AGDC1 and PPP2 activity assay

Enzyme activity was measured by the decrease in time of the absorbance at 259 nm for GA16 (Acros Organics) or at 250 nm for PCA (Beantown Chemical, NH, USA), on a Shimadzu UV–VIS spectroscope (Kyoto, Japan), at 37 °C or RT. PCA UV-spectrum scan showed two peaks: one at 287 nm and another at 250 nm (Supplementary Fig. S10). The peak at 250 nm had an absorbance more than twice that at 288 nm, therefore PCA concentration change in time was monitored at 250 nm. In 50 mM KPi, pH 6.5, 0.5 mM GA or PCA had the corresponding absorbances (i.e. Abs259 nm for GA Abs250 nm for PCA) at ~ 0.8 (Supplementary Fig. S10, S11). For AGDC1, after testing different conditions (various concentrations of KPi, addition of salts: CoCl2, CaCl2, MgCl2, MnCl2, ZnCl2, or EDTA) we found optimal enzyme activity in 50 mM KPi, pH 6.5, and 250 µM CoCl2. For PPP2, the assay solution was the same as for AGDC1 but without CoCl2.The quartz cuvette (FireflySci, Inc., NY, USA) had 0.2 cm light path and 500 µl volume, limiting the maximum substrate concentration to ~ 0.5 mM. The assay volume was 500 µl and contained 0.5 mM GA or PCA. The reaction was started by the addition of purified AGDC1 (0.04 mg/ml when the assay was at 37 °C or 0.08 mg/ml at RT) or PPP2 (0.16 mg/ml at RT). The assay time was 100 s with 10 s delay. For investigating enzyme activation by Co2+, we excluded 250 µM CoCl2 and titrated different concentrations of CoCl2. For 4-nitrocatechol inhibition we used 0.5 mM of the inhibitor. For activity pH optimum, the assay buffer was 50 mM KPi of pH 5.0, 6.0, 6.5, 7.0, or 8.0. Kinetic data was analyzed with GraphPad Prism (www.graphpad.com).

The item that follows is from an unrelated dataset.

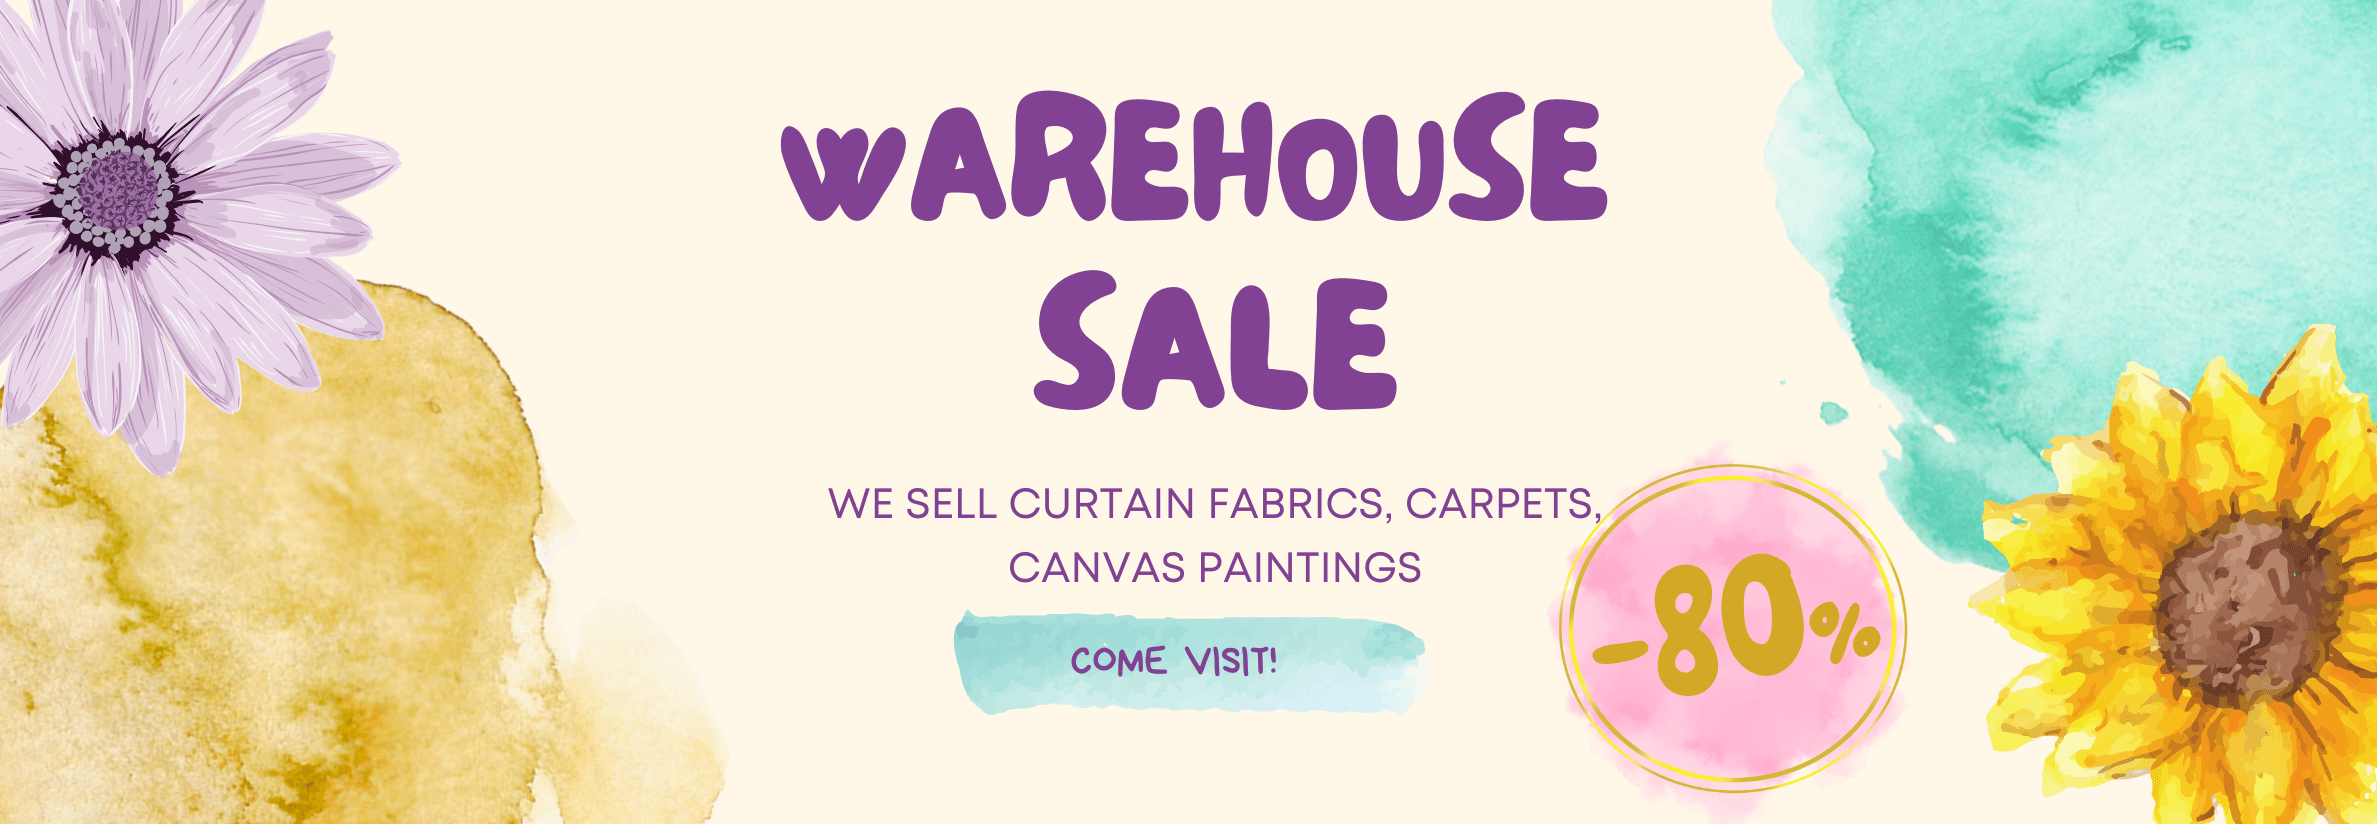 warehouse-sale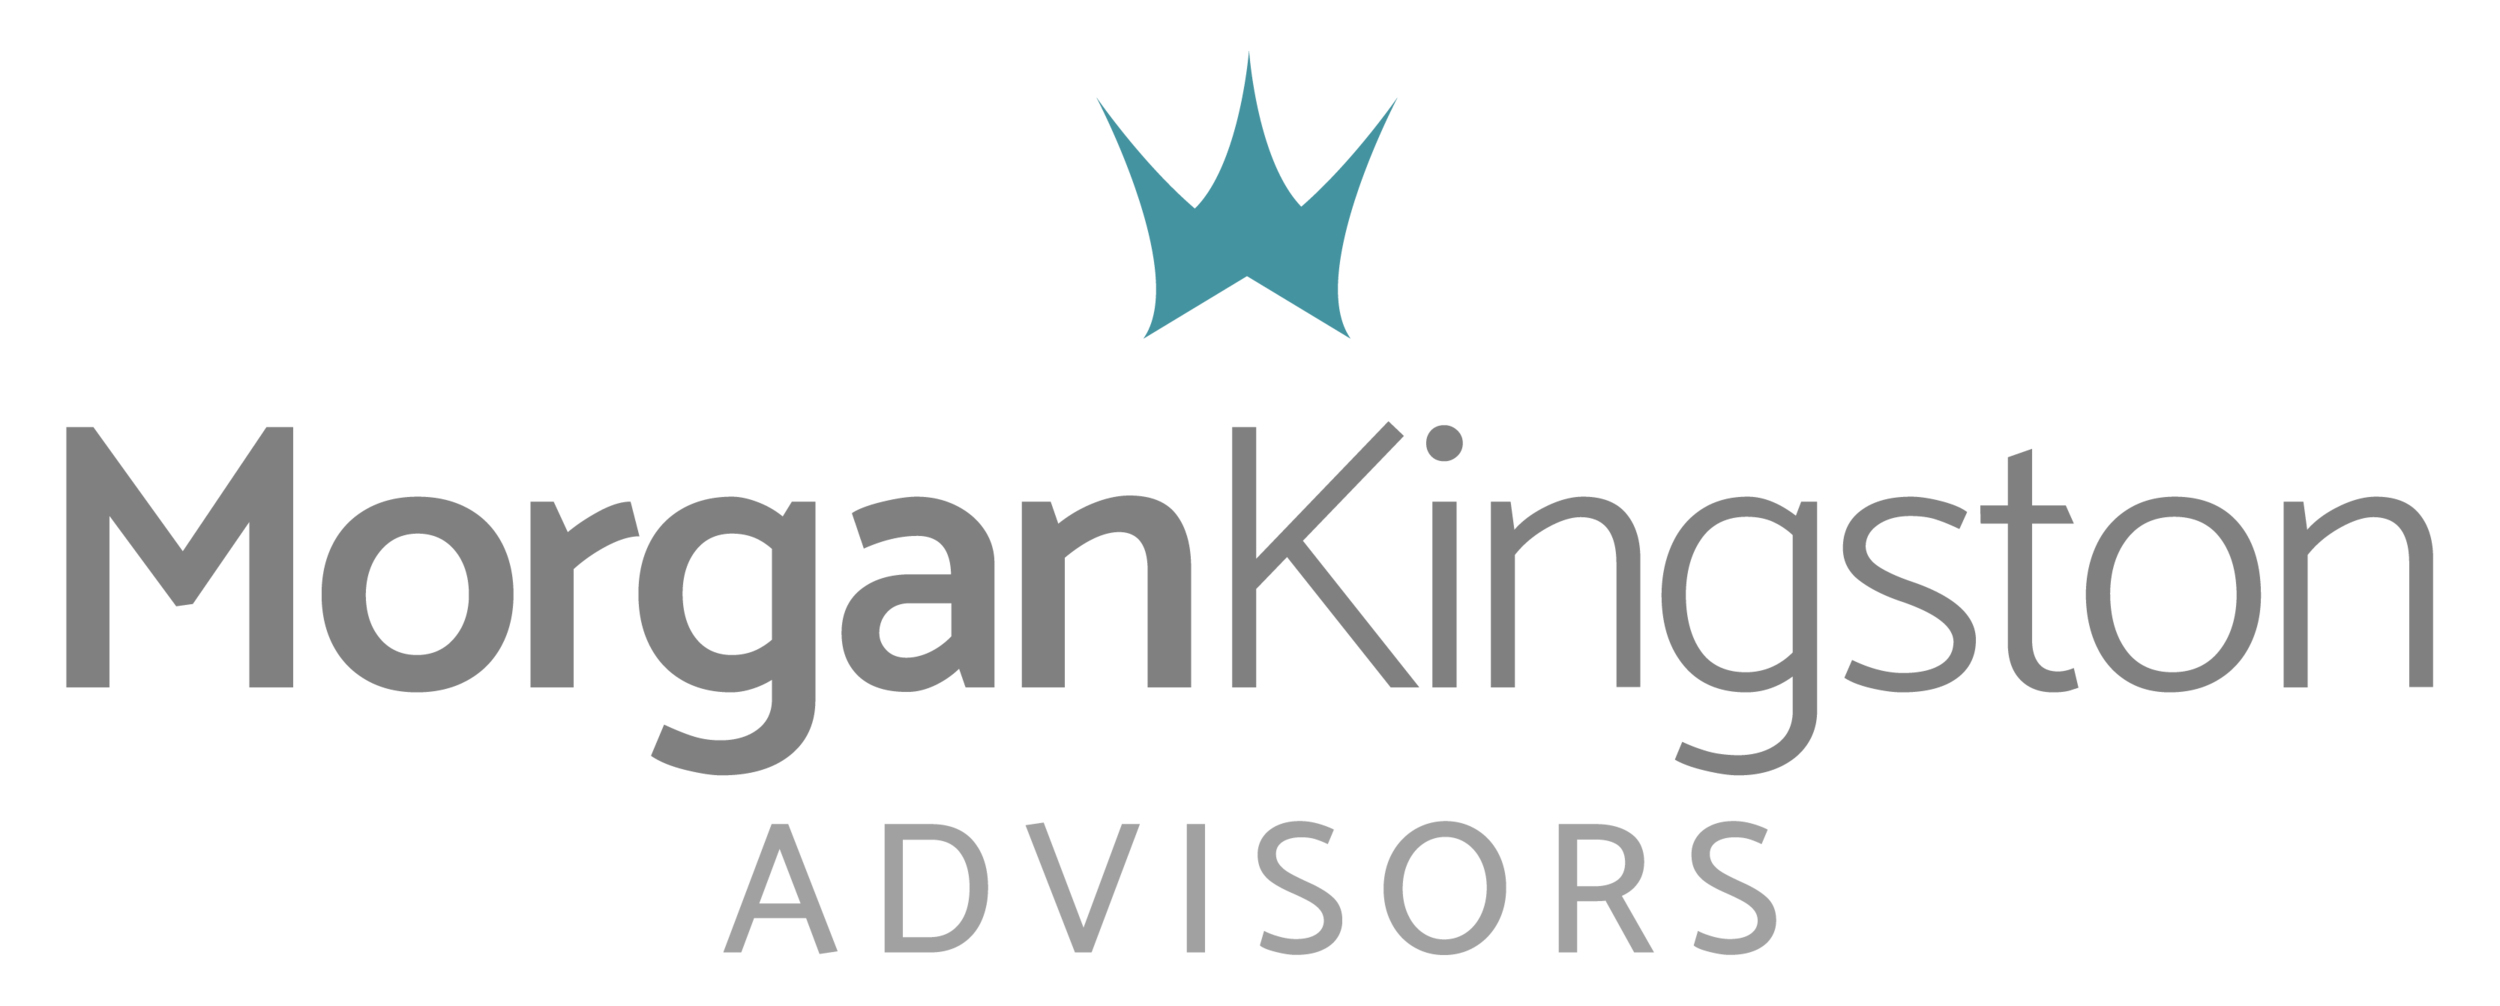 Morgan Kingston Advisors | Middle Market Investment Banking

Size exclusion chromatography (SEC)

To determine the molecular weight of the PPP2, AGDC1, and AGDC1 E88A, samples of each protein were analyzed by size exclusion chromatography using a Superdex 200 10/300 (Cytiva, Marlborough, MA, USA) column mounted on a Bio-rad (Hercules, CA, USA) NGC chromatography system. SEC runs of the proteins were done in the presence (25 mM Tris 7.5, 50 mM KCl, 100 mM NaCl) or absence (25 mM Tris 7.5, 100 mM NaCl) of potassium. Bio-rad Gel Filtration Standard (catalog number 1511901) was used as a standard. All proteins eluted as a single peak. Chromatograms were analyzed and plotted using a home-written Python script.